Stroganov, Sergei Grigorevich

Stroganov, Sergei Grigor’evich

 

Born Nov. 8 (19), 1794; died Mar. 28 (Apr. 9), 1882, in St. Petersburg. Russian state and military figure. Count.

Stroganov was one of Russia’s major landowners, with 1.5 million desiatinas of land (1 desiatina = 2.7 acres) and more than 90,000 serfs. He fought in the Patriotic War of 1812 and in foreign campaigns in 1813 and 1814, as well as in the Russo-Turkish War of 1828–29 and the Crimean War (1853–56).
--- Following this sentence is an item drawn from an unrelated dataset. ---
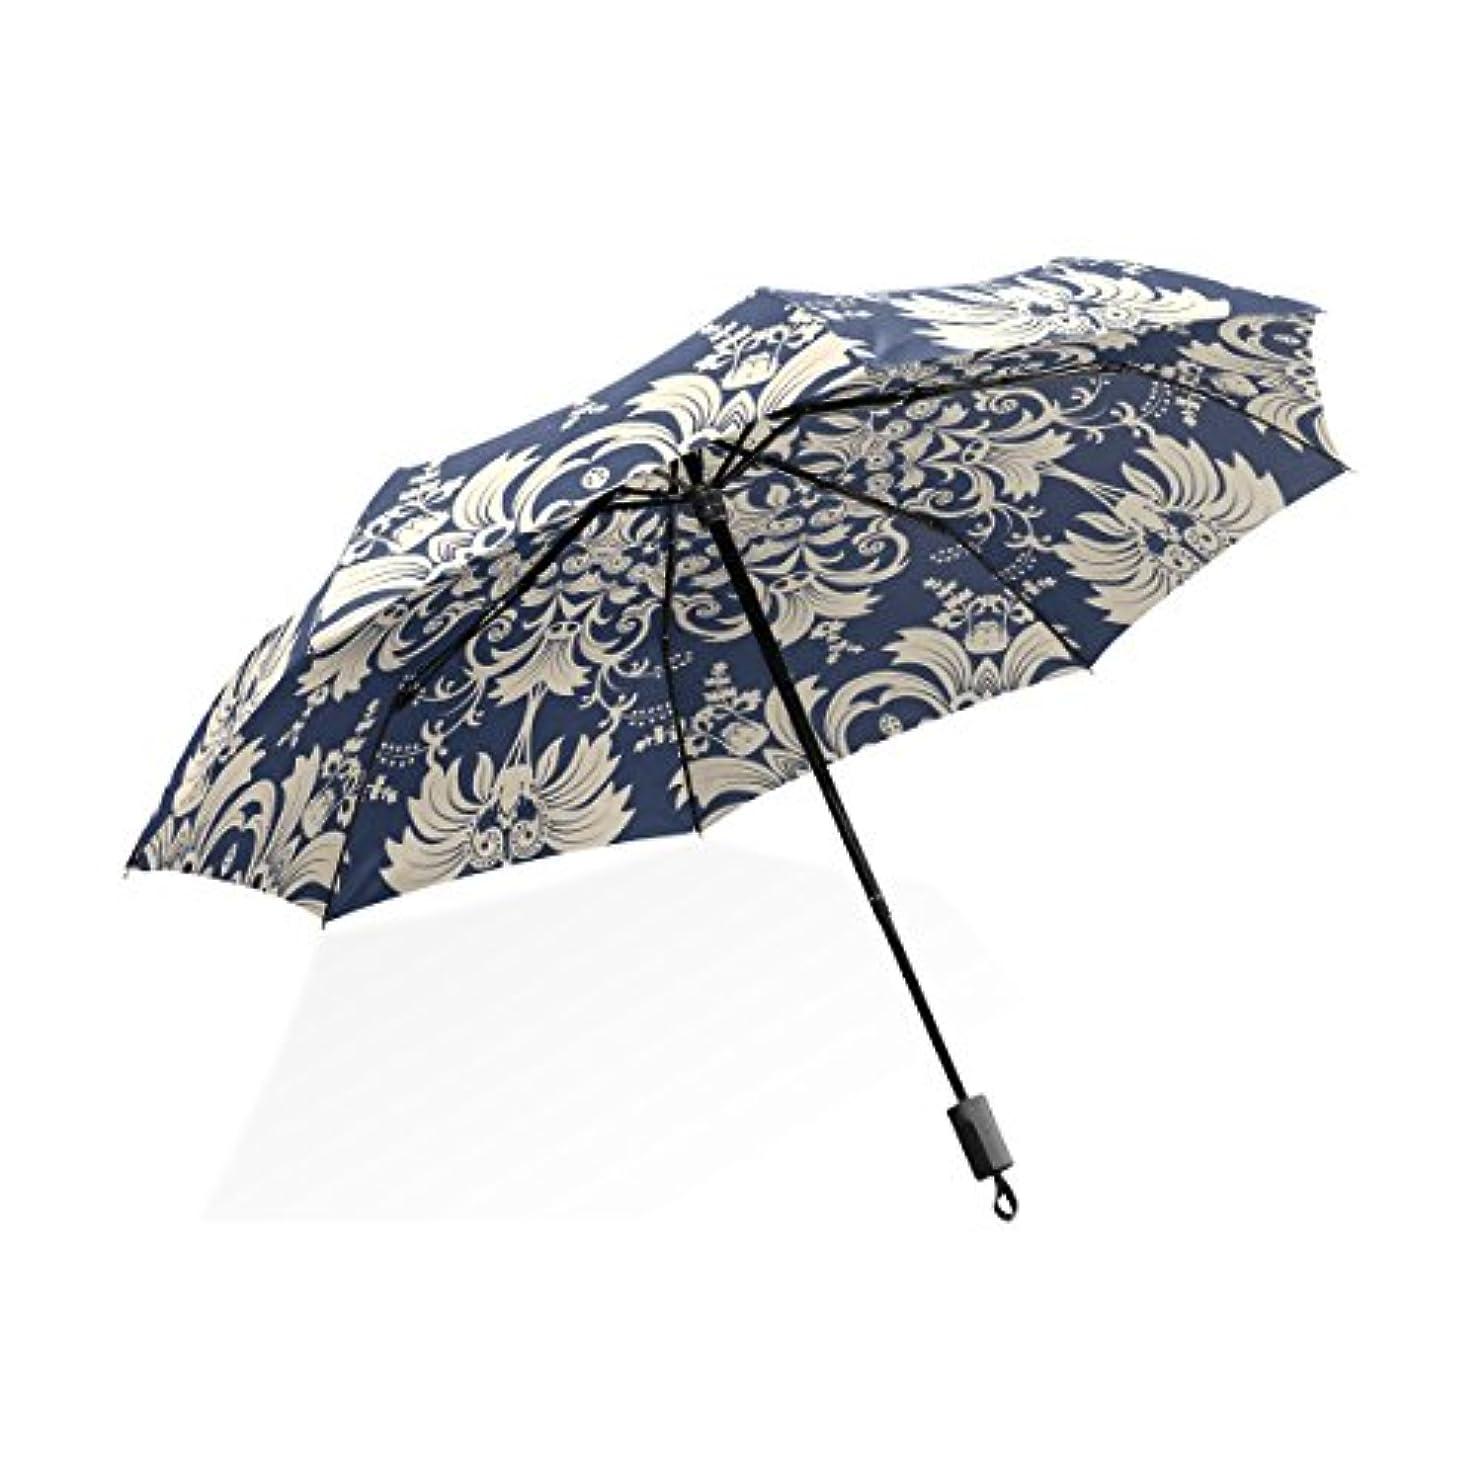 マインド大胆不敵むしゃむしゃHMWR(ヒマワリ) ビンテージ レトロ クラシック 復古風 優雅 エレガント ボヘミア ペイズリー柄 花柄 和柄 和風 レディース 女性用 女の子 三つ折り傘 折りたたみ傘 耐強風 軽量 撥水性 大きい 手動開閉 雨傘 日傘 晴雨兼用 携帯用 かさ
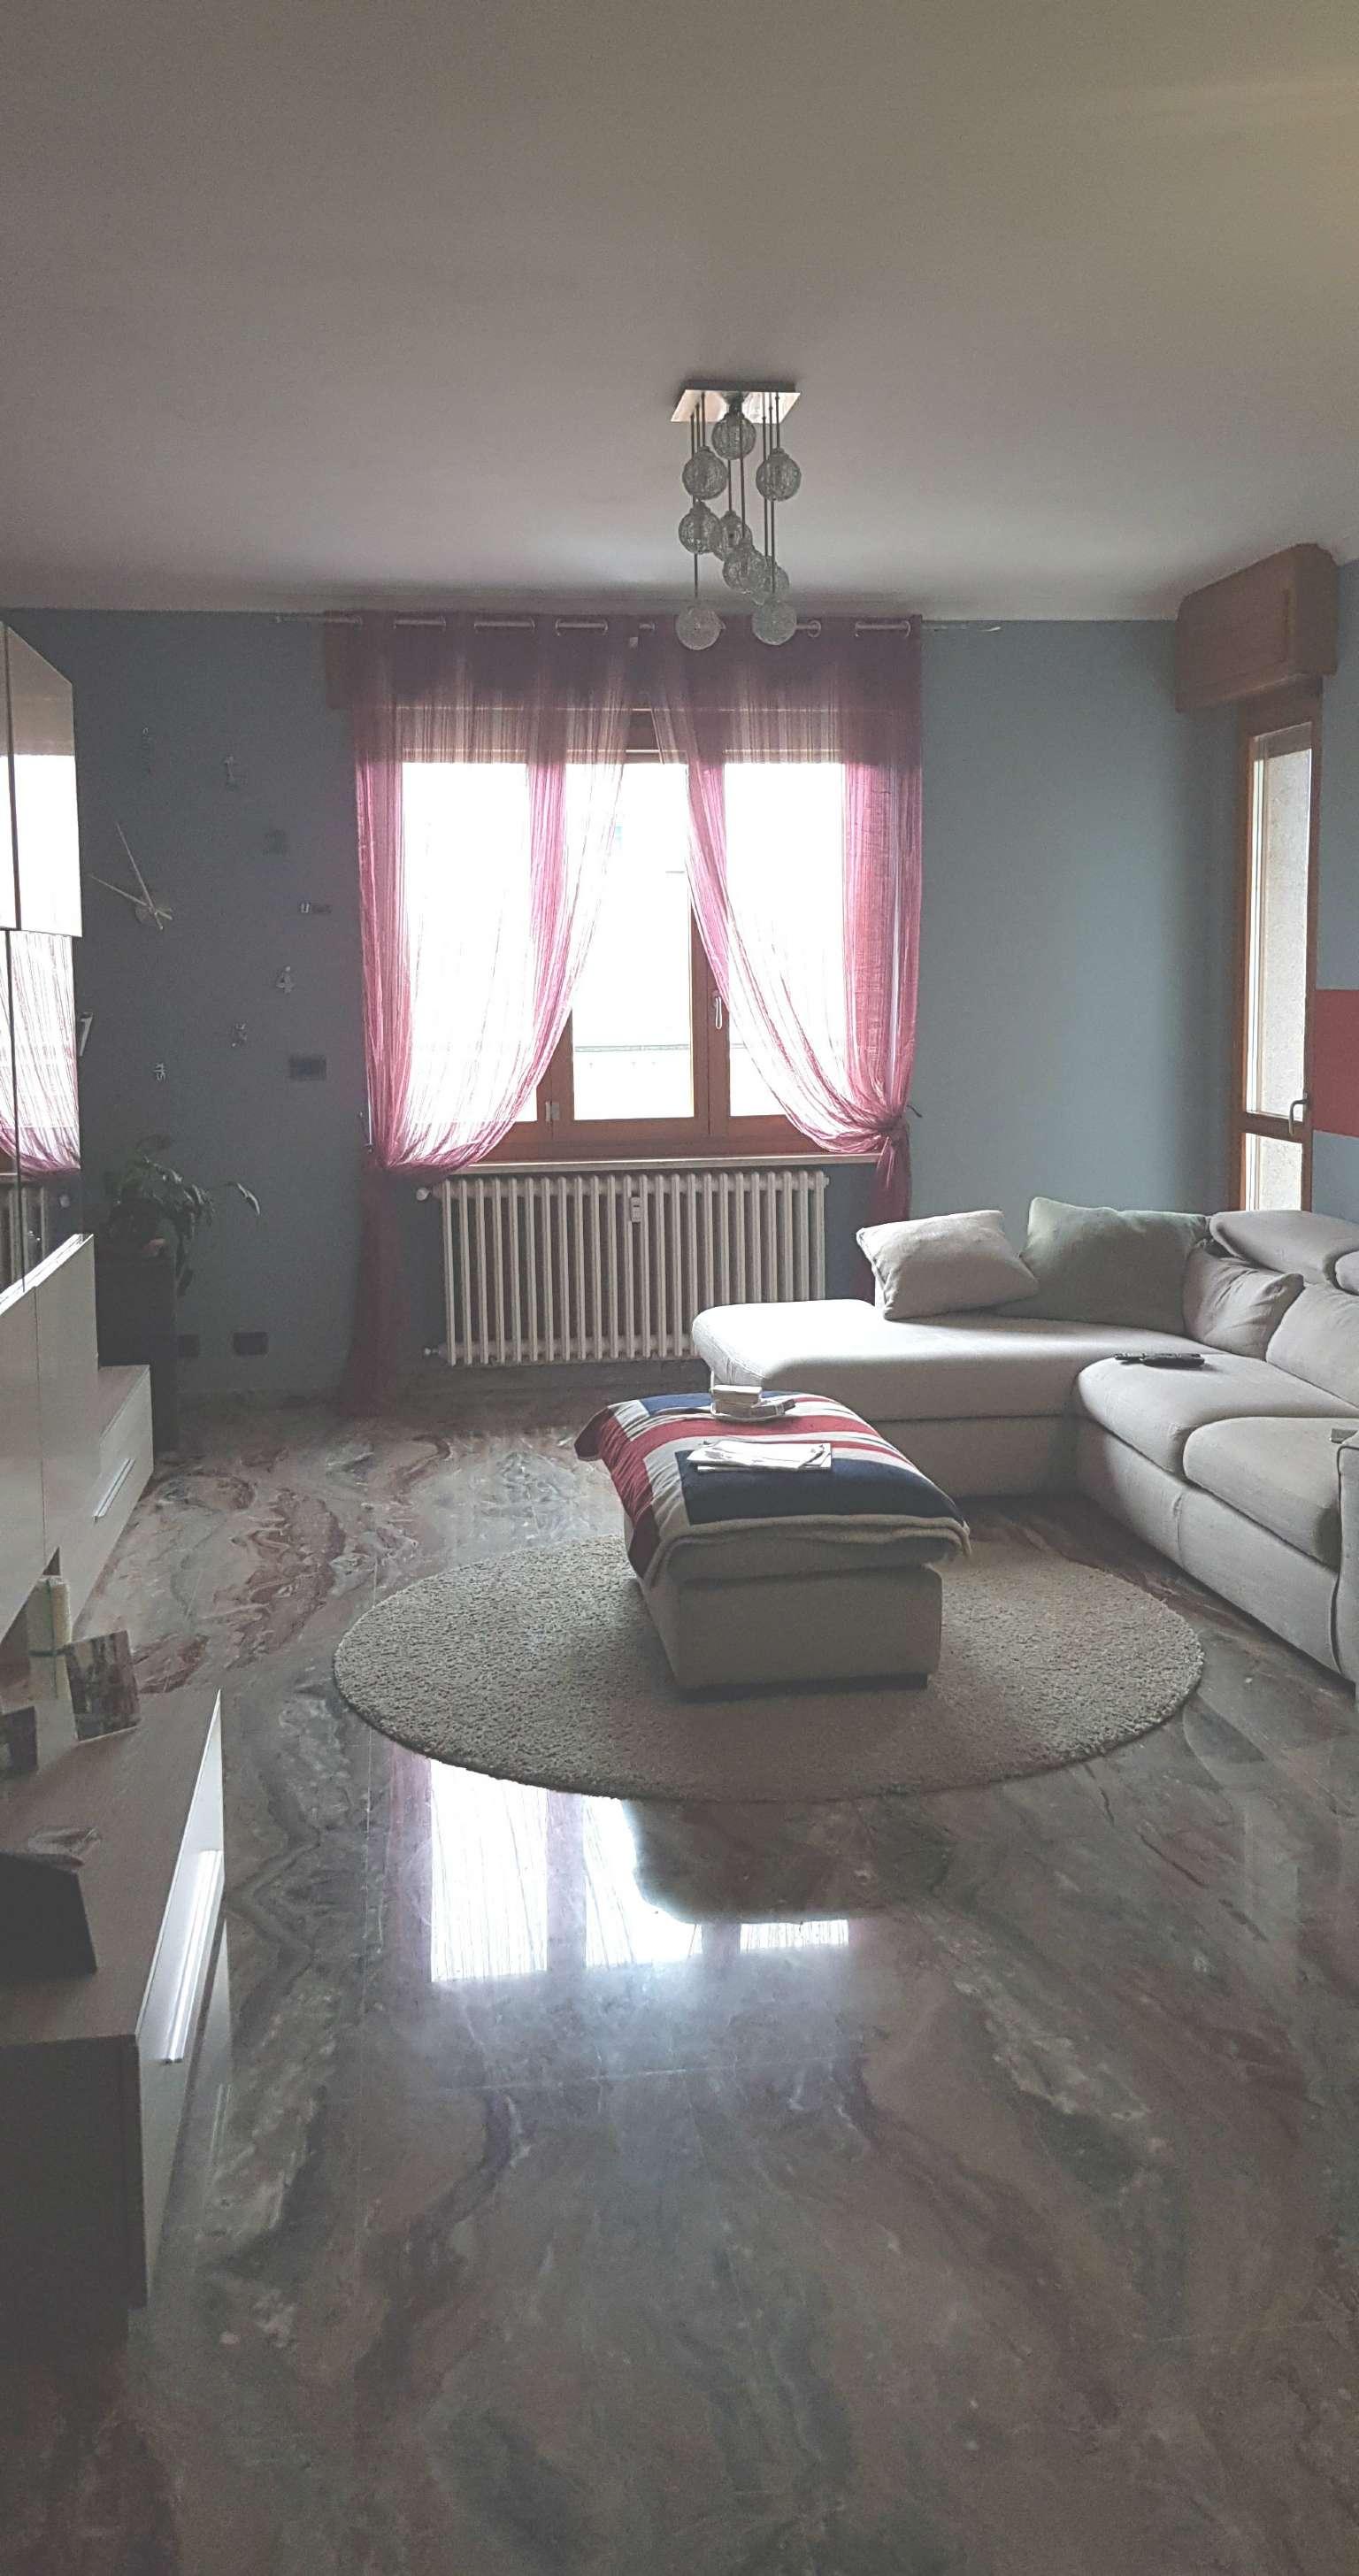 Appartamento in affitto a Ciriè, 4 locali, prezzo € 700 | CambioCasa.it

Between 1826 and 1847, Stroganov was instrumental in changing the system of secondary and higher education in Russia to conform to narrowly class-oriented, reactionary principles. In 1856 he became a member of the State Council, and in 1859 and 1860 he was governor-general of Moscow. During the period preceding the abolition of serfdom, Stroganov sided with the conservative landowning opposition. In the 1860’s and 1870’s he supported the reactionary reforms of D. A. Tolstoi in the field of public education.

Stroganov was a well-known patron of the arts, collector, and archaeologist. In 1825 he founded a free art school, the Stroganov School. Between 1837 and 1874 he was chairman of the Moscow Society of History and Russian Antiquities. He founded the Archaeological Commission in 1859 and was its president for life.